The degree colors are appropriate to the category of the degree rather than to the scholar’s major subject. For example, the appropriate color for degrees in arts and letters (B.A., M.A., B.Lit.) is white; in commerce, sapphire; in dentistry, lilac; in education, light blue; in engineering, orange; in the fine arts, brown; in humanities, crimson; in law, purple; in library science, lemon; in medicine, green; in music, pink; in pharmacy, olive; in philosophy (Ph.D.), dark blue; in physical education, sage; in science, golden yellow; in theology, scarlet. These colors are used for the edgings of all hoods and may be used for the velvet facing and sleeve bars of doctors’ gowns and tassels on bachelors’ and masters’ caps.
The institutional colors, with which hoods are lined, indicate the university or college granted the degree.
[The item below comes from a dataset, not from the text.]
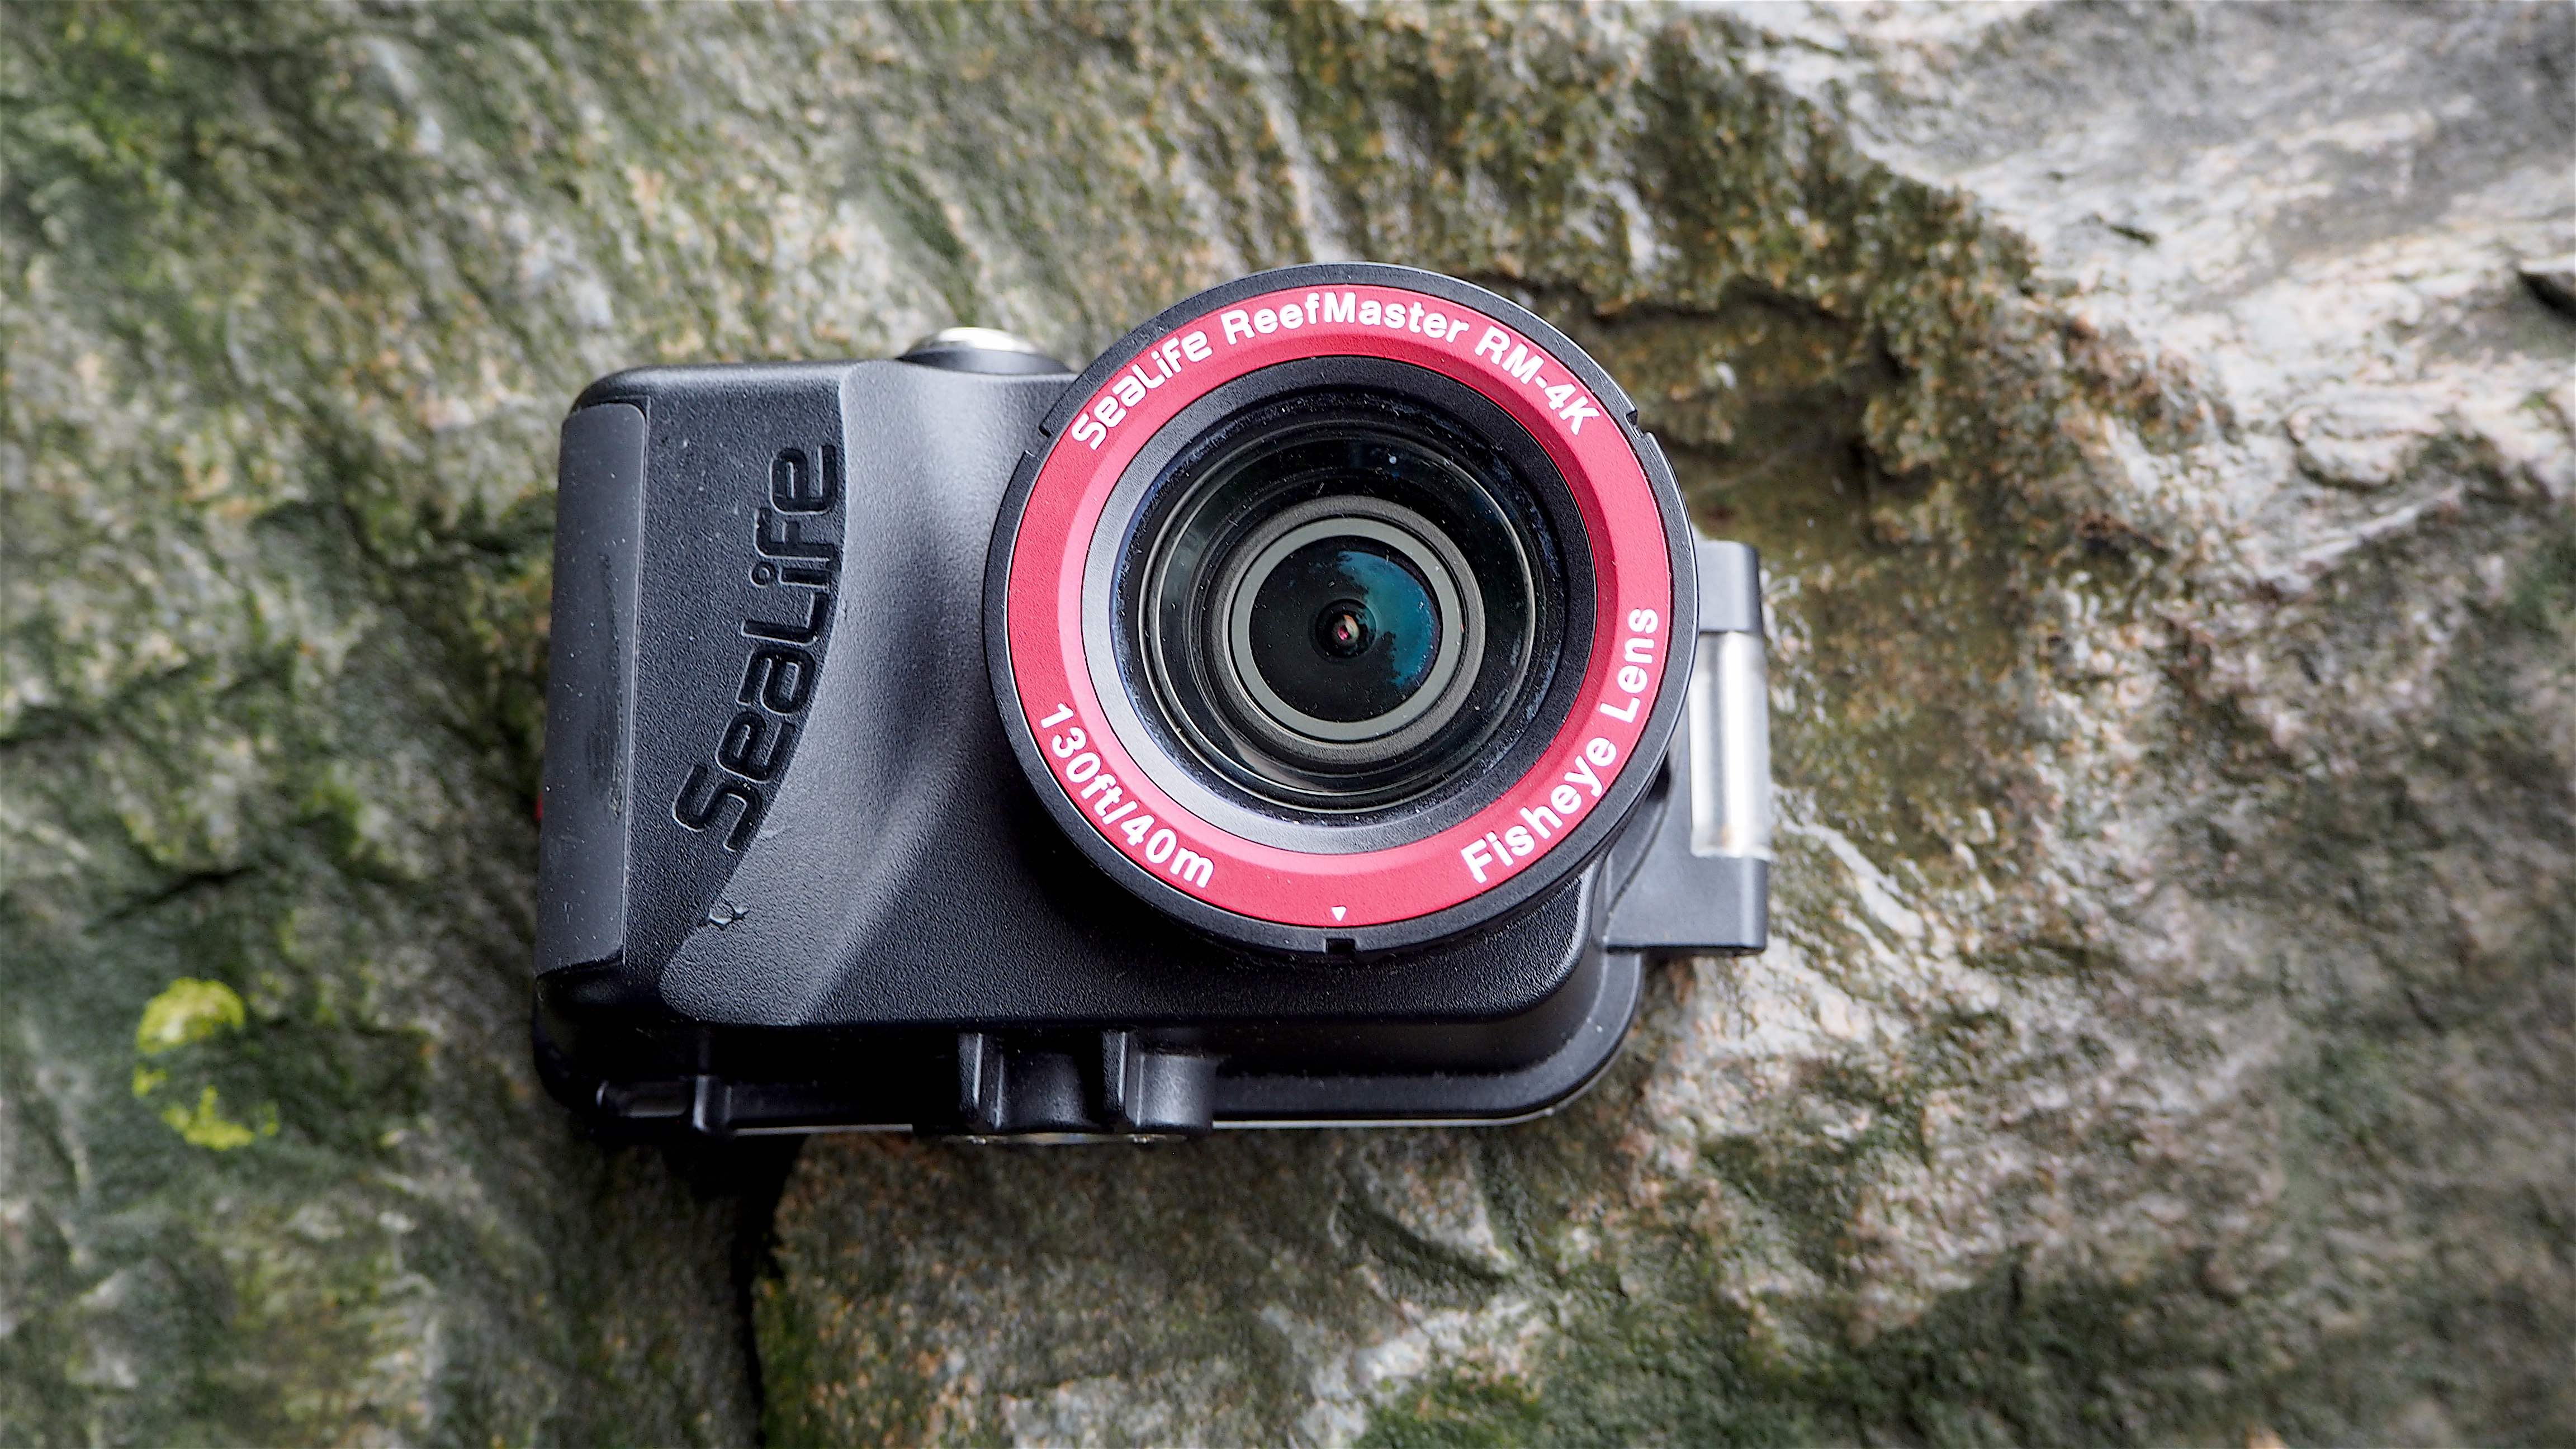 SeaLife ReefMaster RM-4K waterproof camera on a stony waterside

Among the hoods worn by our faculty members are those for Alabama, crimson and white; Arkansas, red and white; Auburn, orange with two navy chevrons; Boston, scarlet with white chevron; Cambridge (England), scarlet; Chicago, maroon; Columbia, light blue with white chevron; Duke, royal blue with white chevron; Emory, navy blue with gold chevron; Harvard, crimson; Illinois, navy blue with two orange chevrons; Indiana, crimson with white chevrons; Iowa, old gold; Johns Hopkins, black with gold chevron; Kansas, navy blue with cardinal chevron; Kentucky, azure blue with white chevron; Louisiana State, purple with old gold, party-per-chevron; Michigan, maize with azure blue chevron; Mississippi State, maroon chevron on white; Missouri, old gold with two black chevrons; New York, violet; North Carolina, light blue with two white chevrons; Northwestern, purple with gold chevrons; Ohio State, scarlet with silver gray chevron; Oxford (England), light blue edged with white fur; Pennsylvania State, navy blue and white; Princeton, orange with black chevron; Purdue, black with two gold chevrons; Rice, silver above blue; Rochester, dandelion yellow; Rutgers, scarlet; Stanford, cardinal; Tennessee, white with orange chevrons; Texas, white above orange, party-per-chevron; Texas A&M, white chevron on maroon; Vanderbilt, black and gold; Virginia, navy blue with orange chevron; Wisconsin, bright red; Yale, royal Yale blue.
The colors of the University of Mississippi are a blue chevron on a field of red. They were introduced by Professor Alexander Lee Bondurant in 1893.